Spainish and bluefish were just "ok" from the planks. I got out there a few times and caught some numbers of nice fish,both spainish and bluefish,so can't complain there.. Pinriggers from Avon did the best they had done in a while with about 10 cobes and 4or5 kings.. When you figure hrs spent trying to do that,it was pretty slow,but that is Avon pinrigging for ya.. Although when ya take into account the other n piers,Avon put the smackdown on them as far as pinrigging.. Biggest cobia I have ever seen in NC off a pier,98lb was caught as well as one in the high 80's,few in the 60-70lb range,not too hateful.. 

Seamullet on Avon were close to non-existant this fall.. Even Mr Bell packed it up and went home early this year.. He told me he only had a few keepers.. This coming from a man that fishes for them (probably close to 90yr old) from sunup to sundown.. Lots of small specks around avon,with about one to a cast at times,but no keepers to speak of..
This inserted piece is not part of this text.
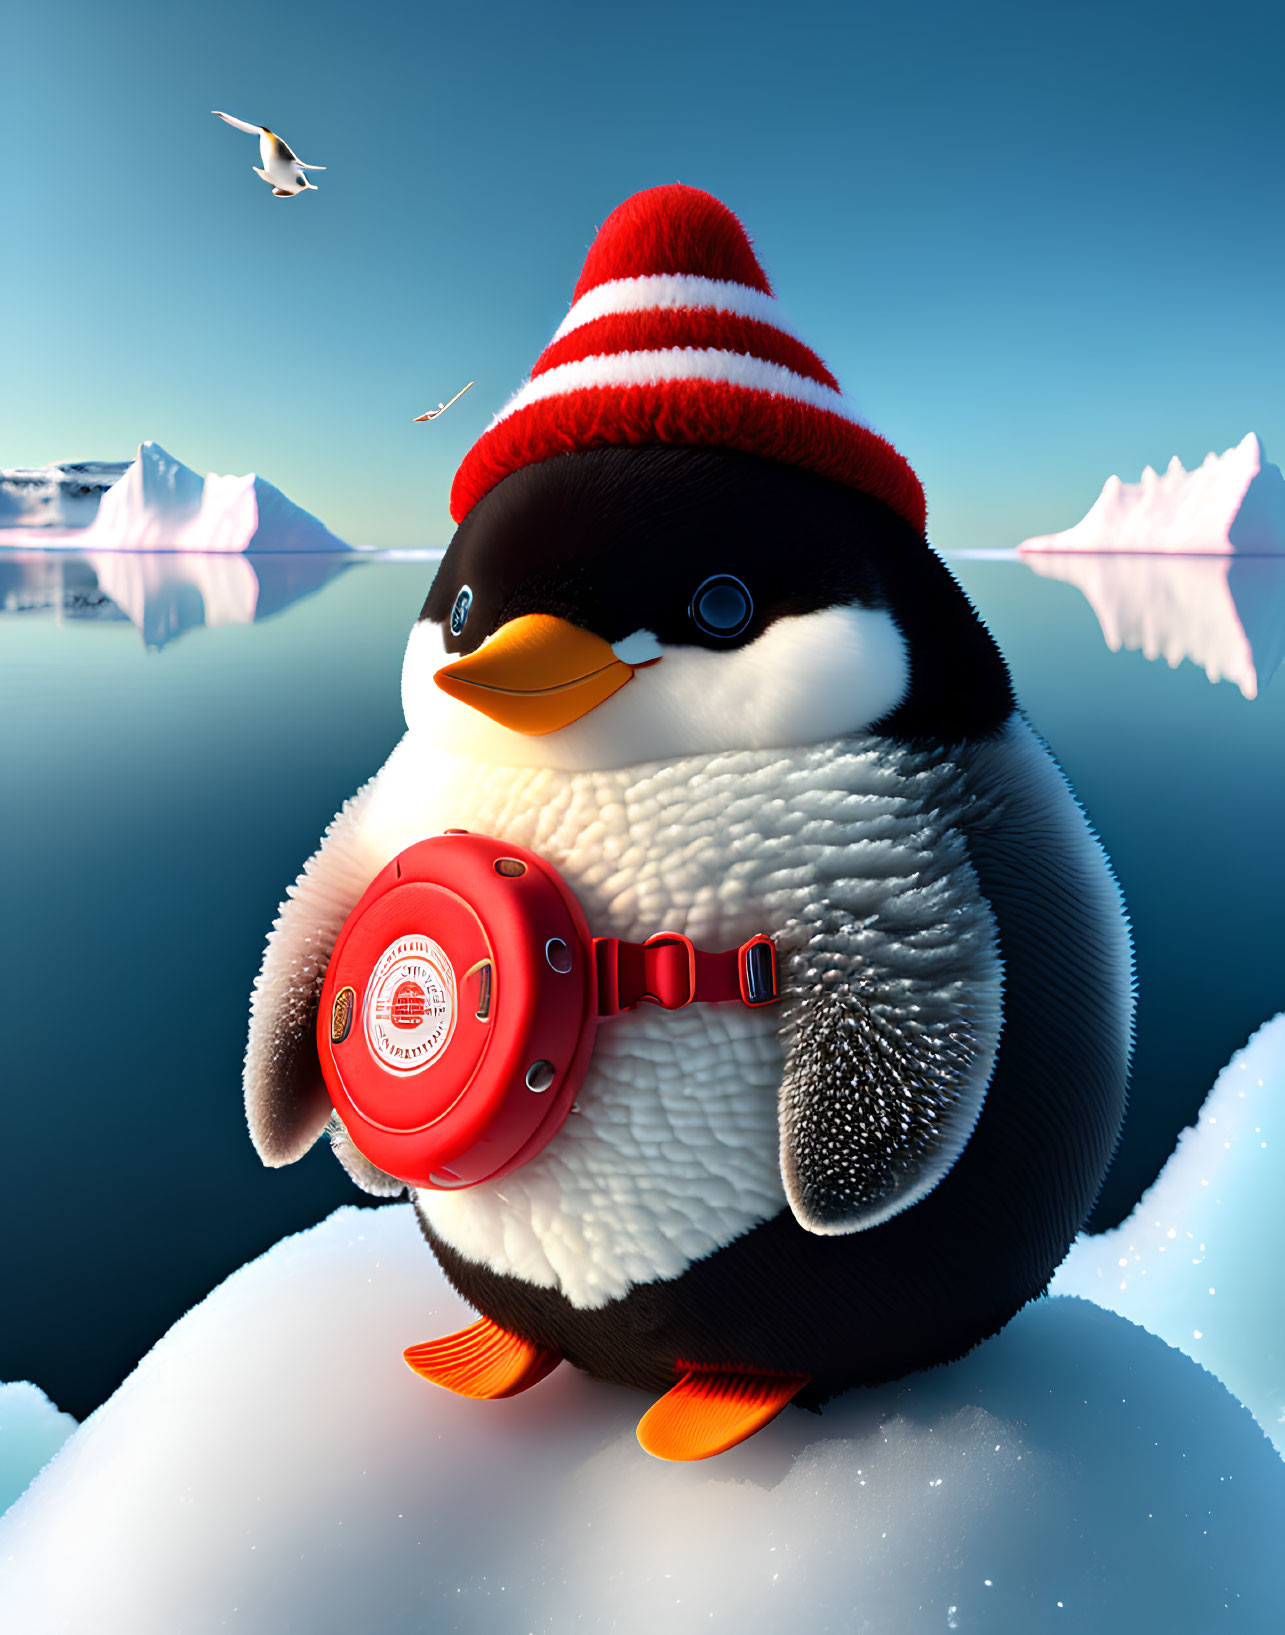 Cartoon penguin with striped hat and lifesaver in icy landscape

Guess you could say it was even worse than a "so-so" year.. I'm trying to be optomistic about it,but it truely sucked on most fronts imo... Hopefully 2012 will show us a little better,but with Feb coming (and all the baggage that will carry with closures) I don't think it will be as good in the surf of Hatteras.. It will not be the same trying to guess when that first drum will be caught with s end of Ocock closed.. Shame of it all is Cape Lookout and others that are under the nps will follow if this stands... kinda goom and doom..


----------



## Ryan Y (Dec 1, 2005)

Glenn. Havnt worked the area yet. The times ive been ready to,other alternatives arrived. Plan to soon.


----------



## Ghostrider (Jul 27, 2010)

In Holden Beach...The fishing has been generally pretty good...caught trout, spanish, blues, flounder, pompano, black drum, mullet, a small cobia and the usual sharks, skates and toadfish. Did not catch a Puppy Drum, Striper, King or Sheepshead. Some fish with size and most small.


----------



## EABiker (Aug 16, 2010)

We made it down in fall, just after Irene messed things up. I targeted blues, and I was not disapointed! Went home with over 70 in the cooler, and am still enjoying the weekend fish fries. Couldn't catch any finger mullet though; only bought the first day's supply the previous year; had to buy them all this year.


----------



## chris storrs (Aug 25, 2005)

Drumdum said:


> . Pinriggers from Avon did the best they had done in a while with about 10 cobes and 4or5 kings..
> 
> (


thought it was only 3 kings? i know of a few more lost, but thought mine and tylers were the only ones to hit the deck?...i remember chris lost one(called me while jake and i were on the way to richmond headed home), frankie lost on on a gotcha, quite a few missed strikes at no fault to anyone, were there some fish i didnt hear about?haha

on another note wish i coulda been there for the cobia season off the pier...got out on the boat once in may but we only saw a few, and got one


----------



## tjbjornsen (Oct 31, 2009)

Not enough time in the sand by far, but I did manage to catch the 5-6 biggest Pomps of my life, 2 in Hatteras and a few more down in NE FL, so that has to lift the overall season from good to great...
I got better at tying my own rigs, and everything I caught was on something I tied myself, so that was a lot of fun...
I zeroed in on CTS rods as the rods that I enjoy the most, so that was a positive,
And I had a lot of fun playing with a (new to me) Akios and got bit deeper by the Avet thing, so that was all good...
I know, I know, more about the whole picture, and not so much about the fish, but like I said, not nearly enough time in the sand...
And oh yeah... lots and lots learned here on P&S, thanks to everyone's generosity in sharing knowledge and info....
Here's to an even better 2012!


----------



## tackle42 (Mar 23, 2010)

Had a good year. Started kayak fishing and put a decent amount of fish on the yak in 2011. From some dinky drum on the Neuse to wearing out the smallies on the New River. I was able to be a part of the big drum blitz on October 23rd at he Point and that was AMAZING!! Over 200 drum caught that night an I had 4 32"-38" and one 44", an lost 2 heavy ones in the wash. I had 2 offshore trips blown out so the freezer is looking pretty bad right now. I can't wait for the Spring. I've got one offshore trip planned an i hope we have some beach to fish on when the water gets close to 60 degrees. My goal for 2012 is to put a paper drum on my lap from the yak.


----------



## JPChase (Jul 31, 2010)

tackle42 said:


> I was able to be a part of the big drum blitz on October 23rd at he Point and that was AMAZING!! Over 200 drum caught that night an I had 4 32"-38" and one 44", an lost 2 heavy ones in the wash.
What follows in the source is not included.